■ PROBLEM TO WORK ON
Without the pictures, repeat all of the data exactly as it appears below.

■ PROVIDED MATERIAL
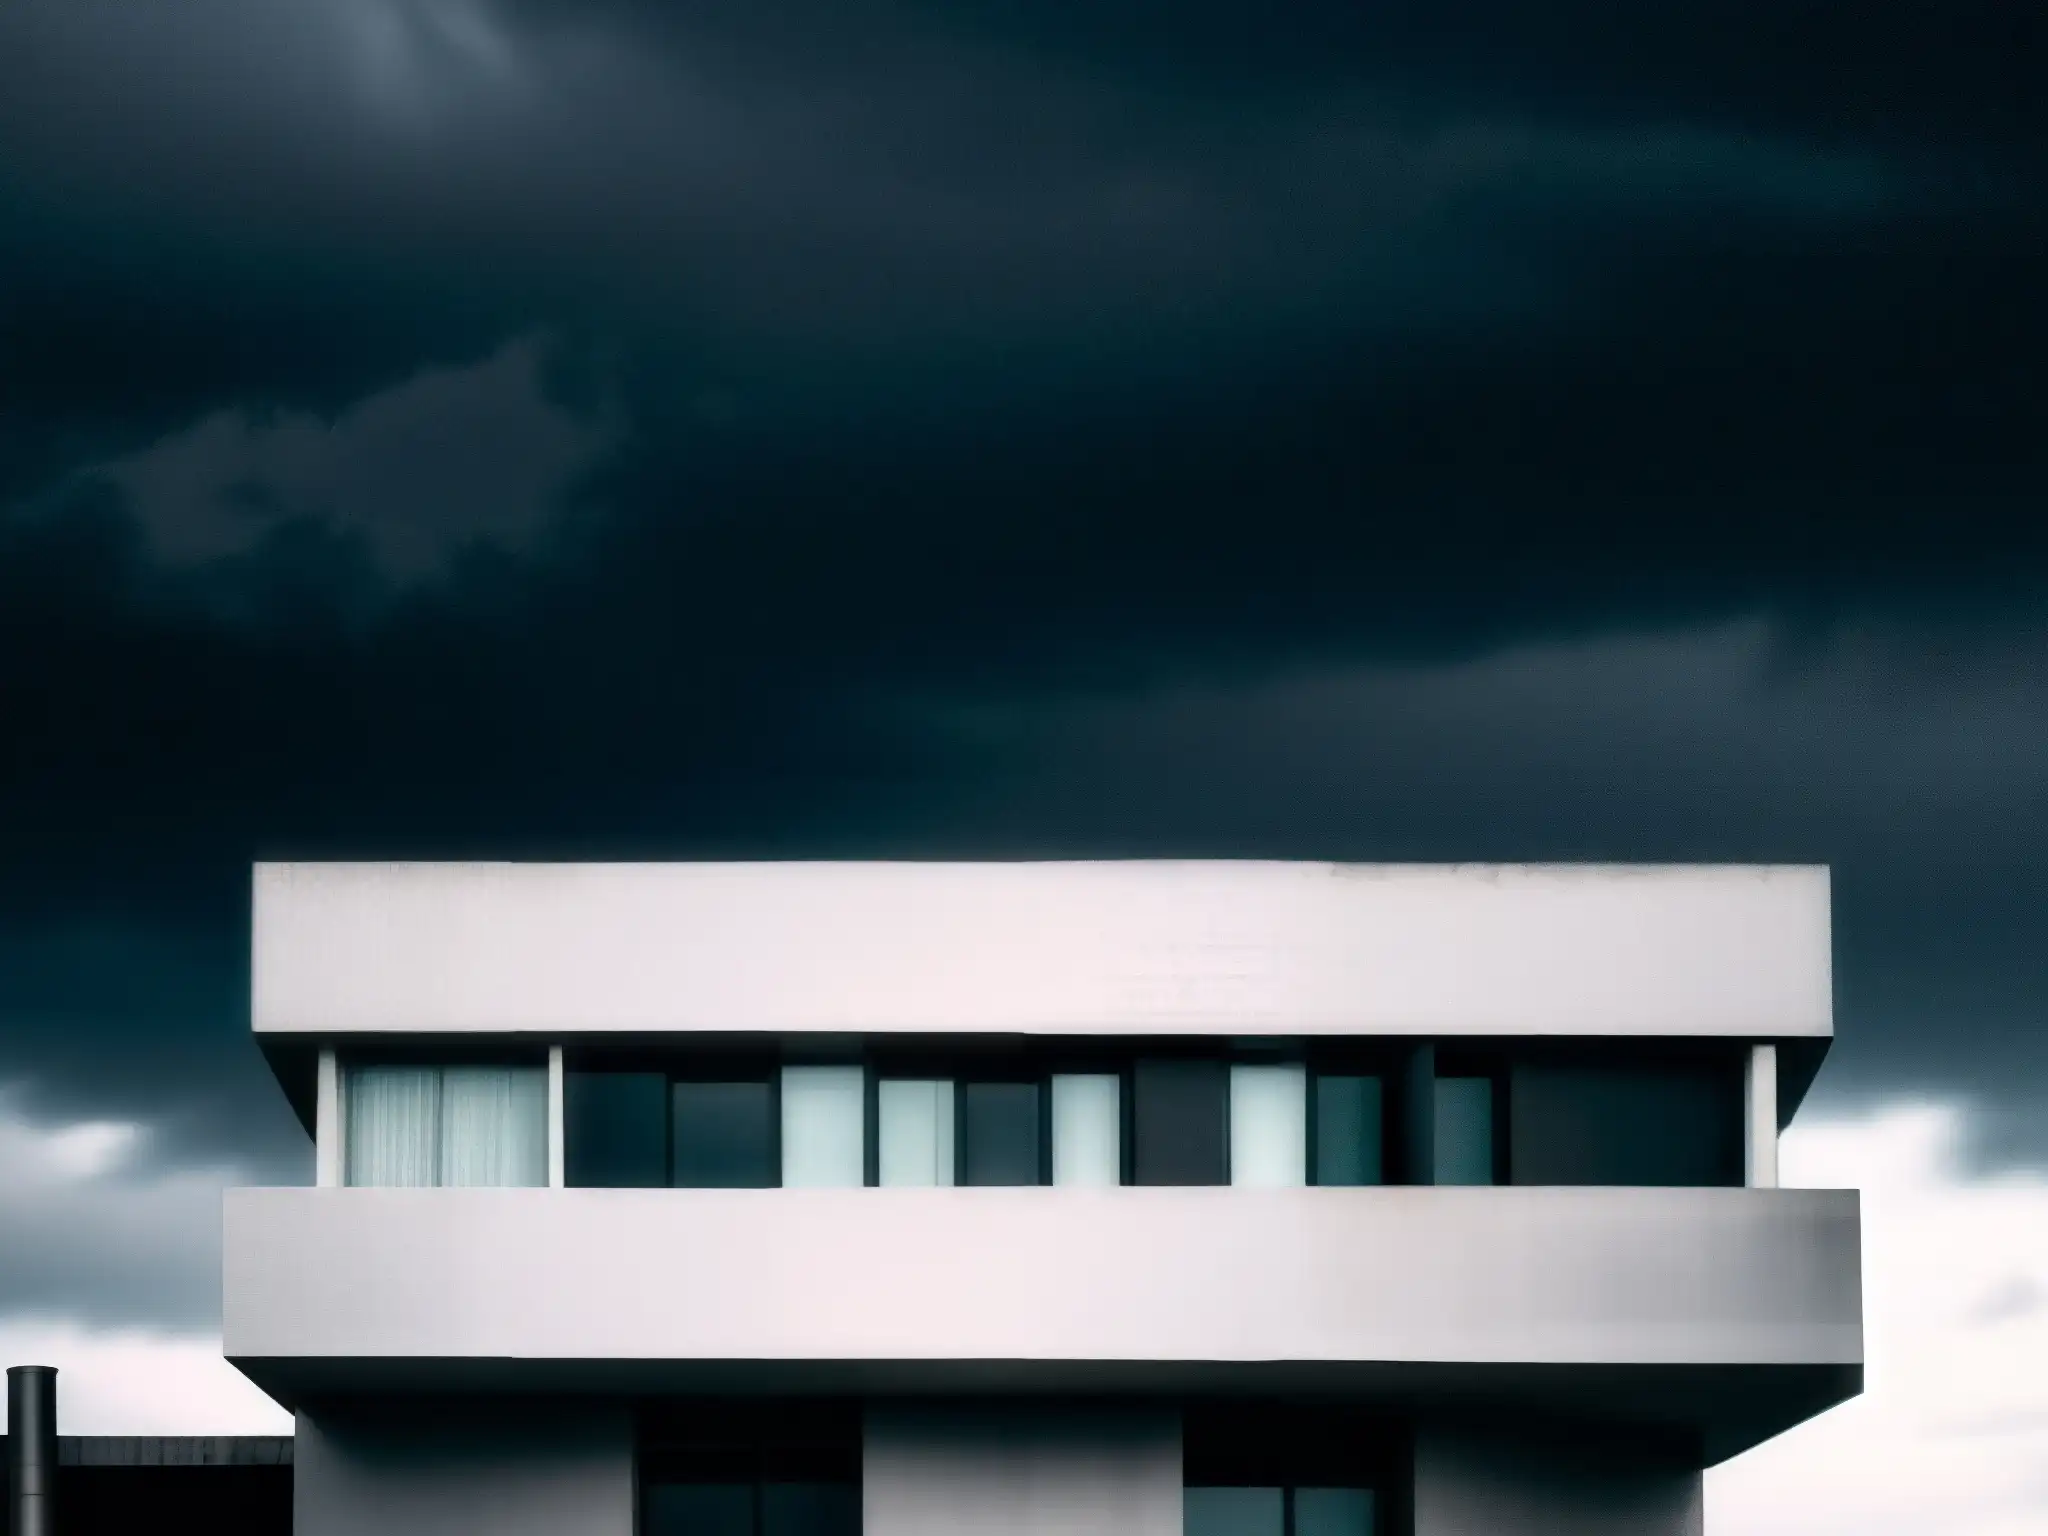 La Casa de los Tubos Oscuros, moderna arquitectura en contraste con un cielo nublado y misterioso
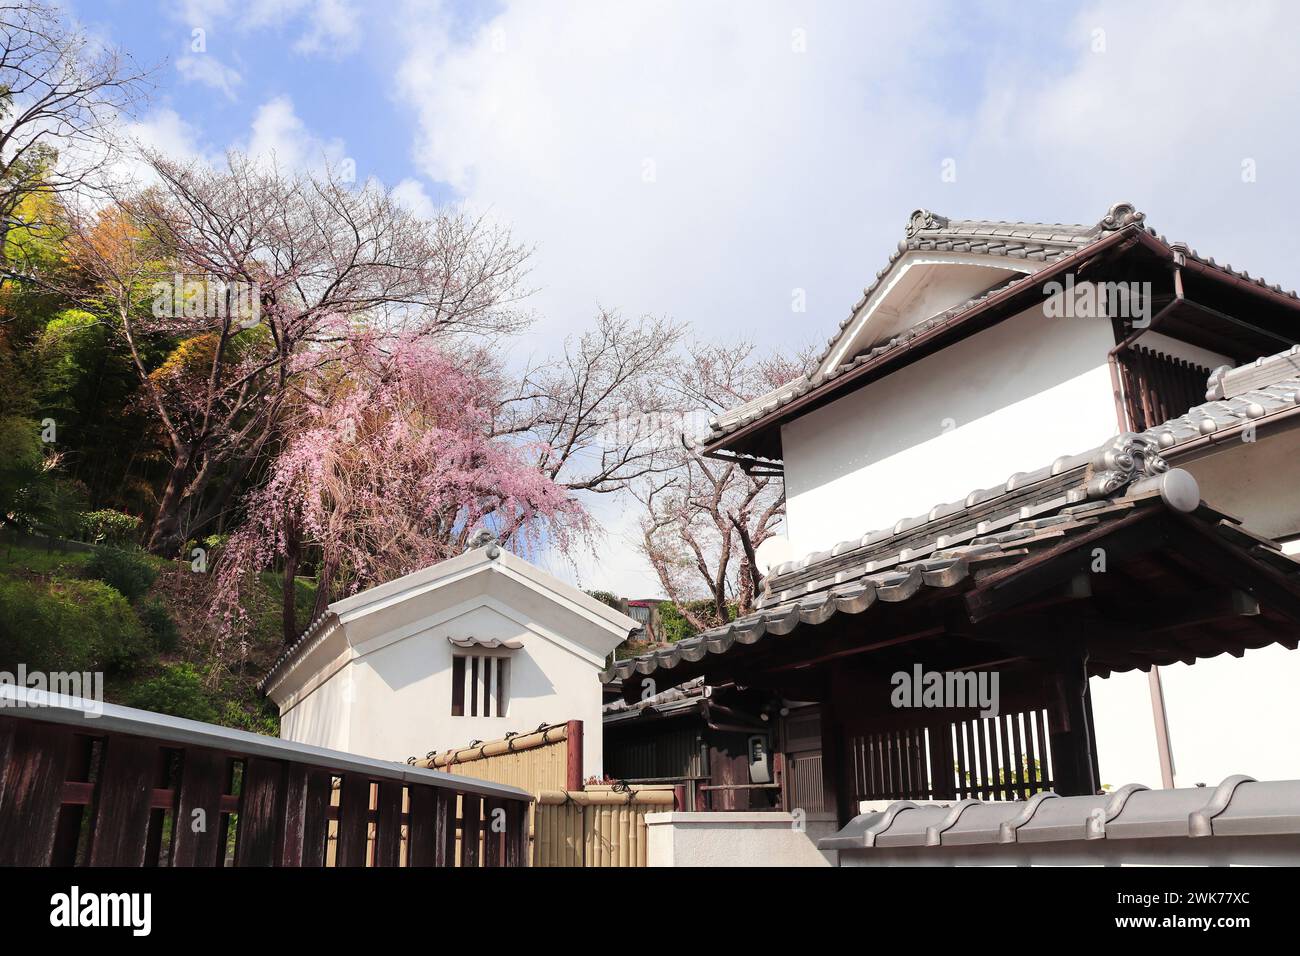 Vieilles maisons et fleurs de sakura, ville de Kurashiki, Japon. Fête traditionnelle japonaise du hanami. Saison de floraison printanière des cerises en Asie Banque D'Images
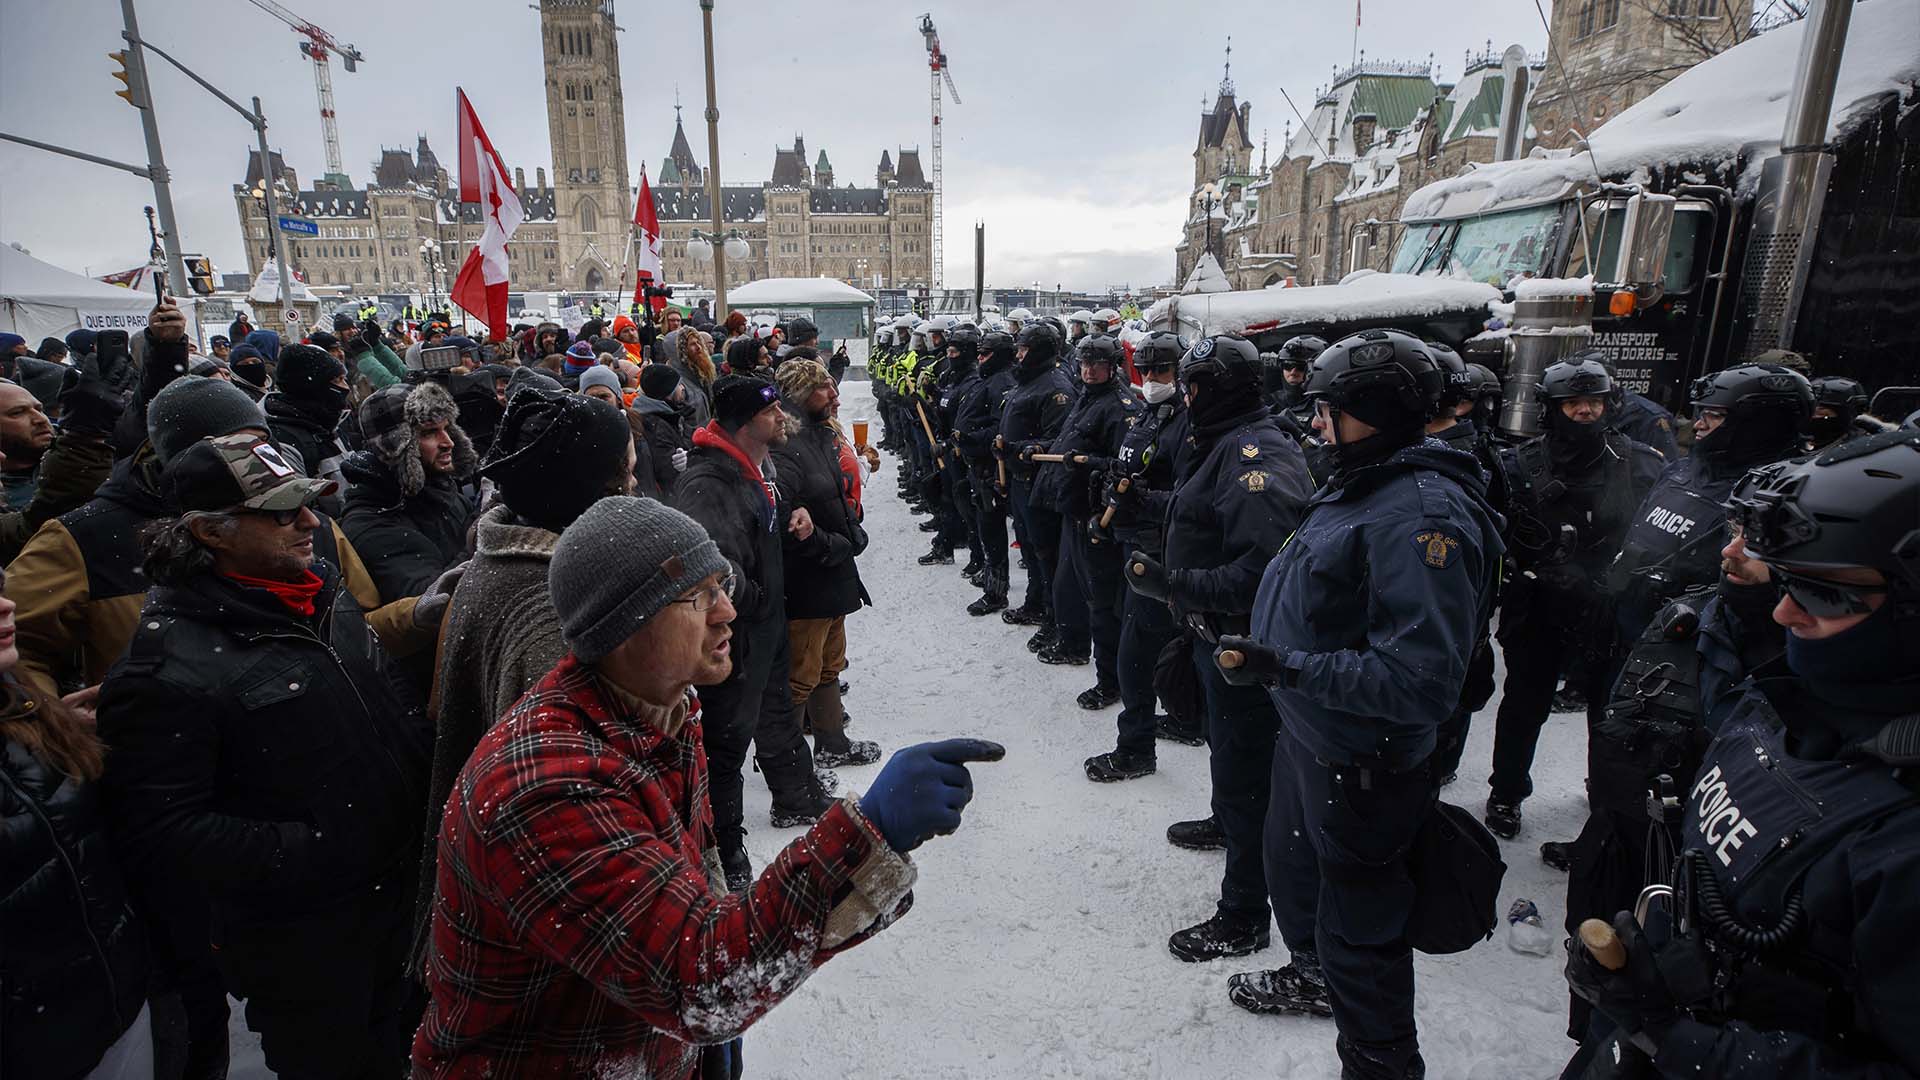 La police est intevenue pour libérer le centre-ville d'Ottawa, près de la Colline du Parlement, des manifestants après des semaines de manifestations, le 19 février 2022.

■ ANSWER FOR THIS EXERCISE
 La Casa de los Tubos Oscuros, moderna arquitectura en contraste con un cielo nublado y misterioso
 Vieilles maisons et fleurs de sakura, ville de Kurashiki, Japon. Fête traditionnelle japonaise du hanami. Saison de floraison printanière des cerises en Asie Banque D'Images
 La police est intevenue pour libérer le centre-ville d'Ottawa, près de la Colline du Parlement, des manifestants après des semaines de manifestations, le 19 février 2022.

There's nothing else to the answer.